[USE CASE][DISCUSS] AIP-76 Partitioned Data Processing and Micro-pipelines

Alex Guglielmone Thu, 03 Oct 2024 12:42:06 -0700

Hi all,

Sharing a simplified use case for [AIP-76: Asset 
Partitions](https://cwiki.apache.org/confluence/display/AIRFLOW/AIP-76+Asset+Partitions)
 from my team:
(written in markdown style, gist 
here:https://gist.github.com/Alexhans/d6a2551507ad7af37b2ca550a95424e2)


# Use Case
- Process partitioned upstream data `just in time`, processing it at a `per 
partition` level.  Partitions don't all appear at the same time.
- The generated data is partitioned and other dags can, in turn, depend on it 
(With a strategy of micropipelines that output to one or multiple datasets)

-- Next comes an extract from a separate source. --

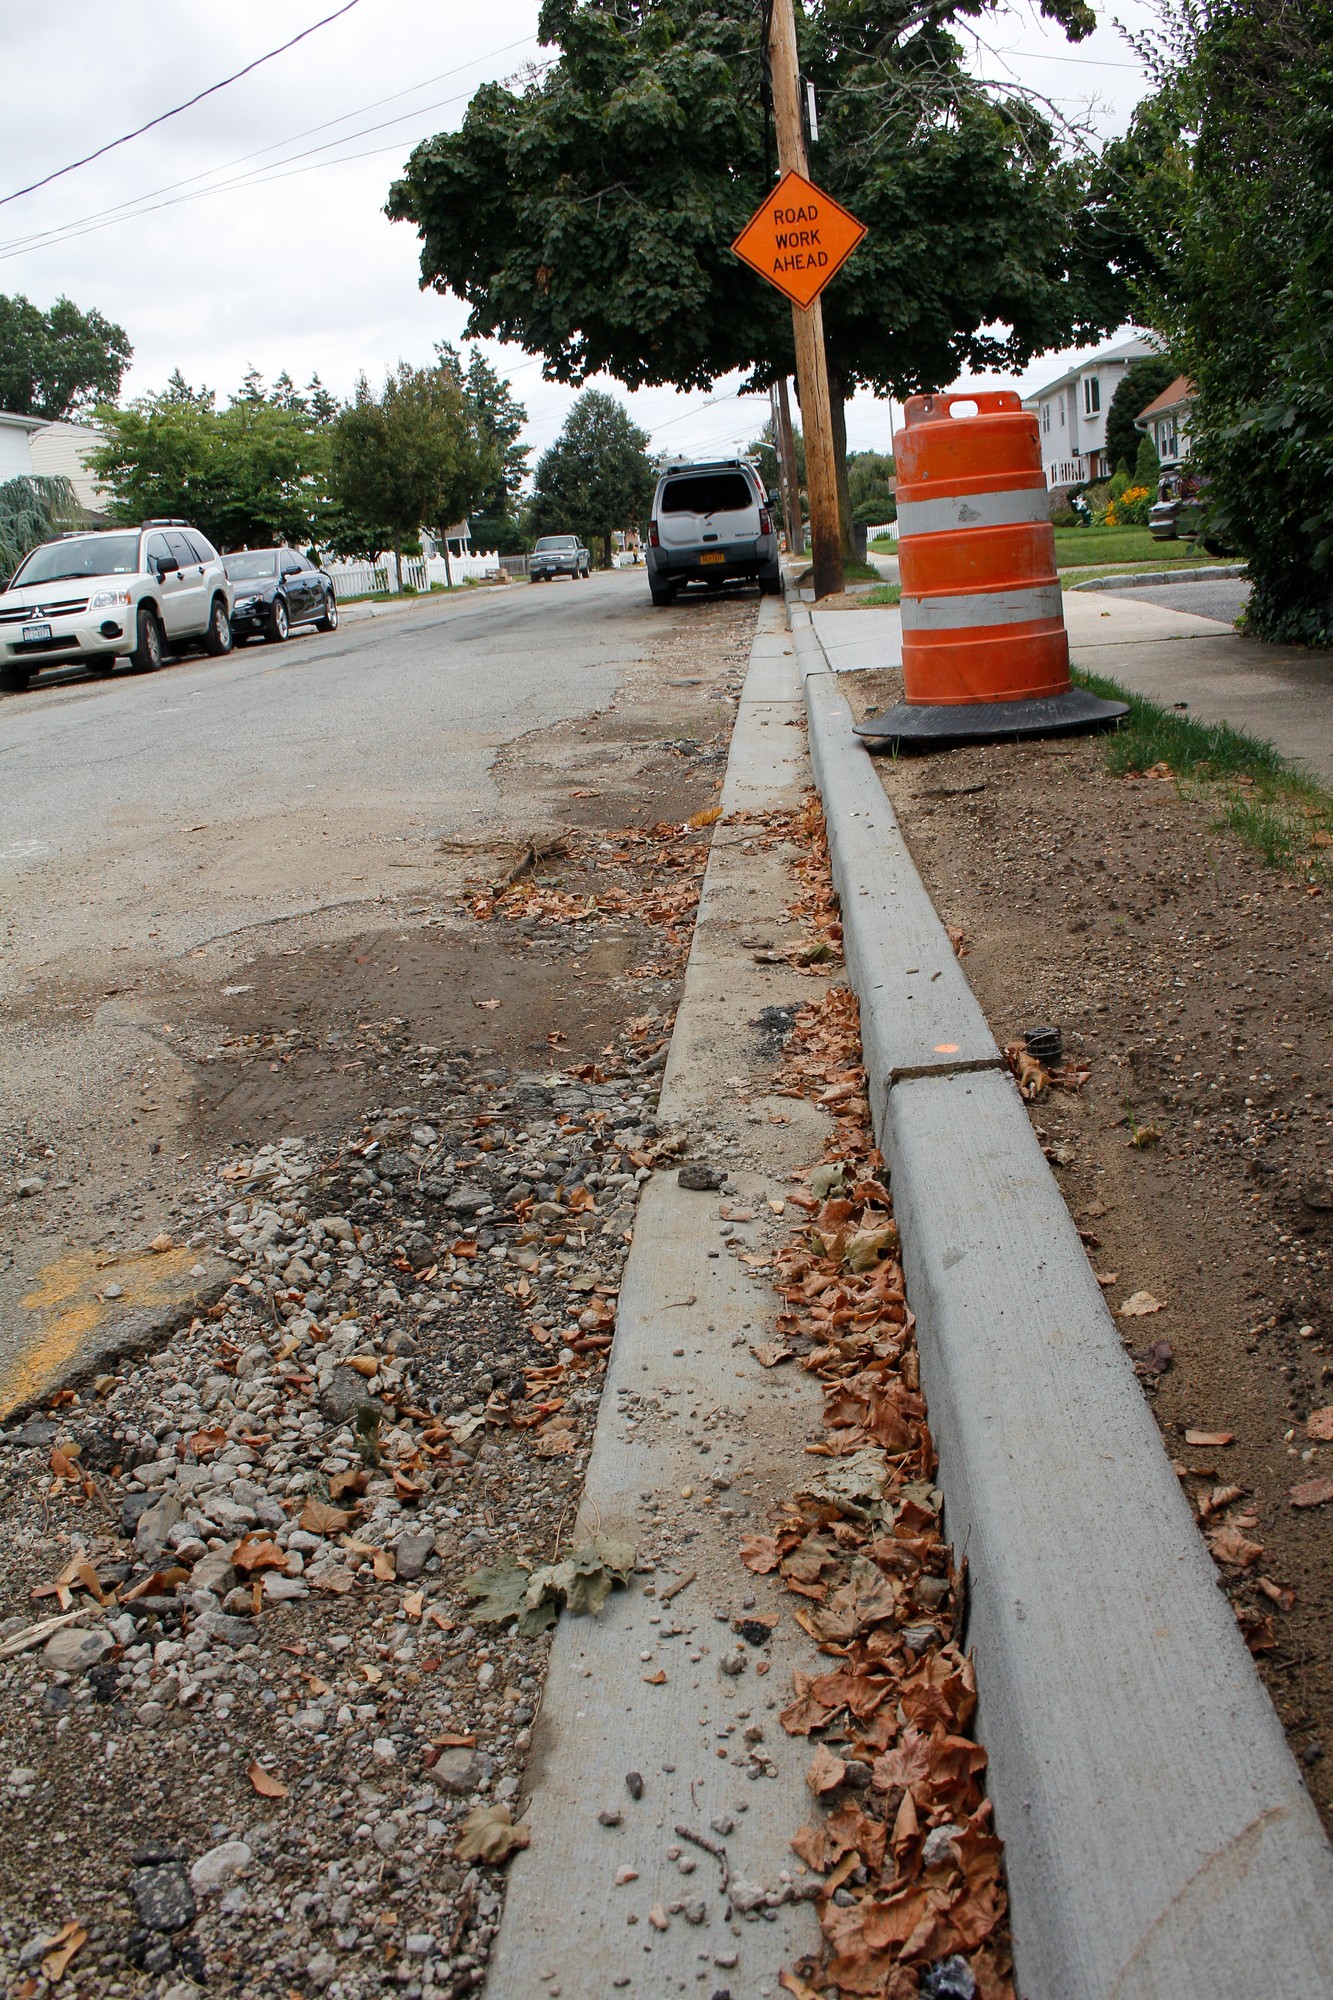 New curbs will be installed as part of the road improvement project.

**Note**: At the moment, we don't have a signal from our upstream tables so we 
need to resort to polling and use custom sensors (calling a completeness API) 
for that.  The combination of 
[AIP-82](https://cwiki.apache.org/confluence/display/AIRFLOW/AIP-82+External+event+driven+scheduling+in+Airflow?focusedCommentId=315493589)
 and this one should remove the need from using sensors, even if we don't have 
signals from upstream yet.  Currently we also have some fat pipelines but are 
slowly moving in the smaller pipeline direction, like in the example here.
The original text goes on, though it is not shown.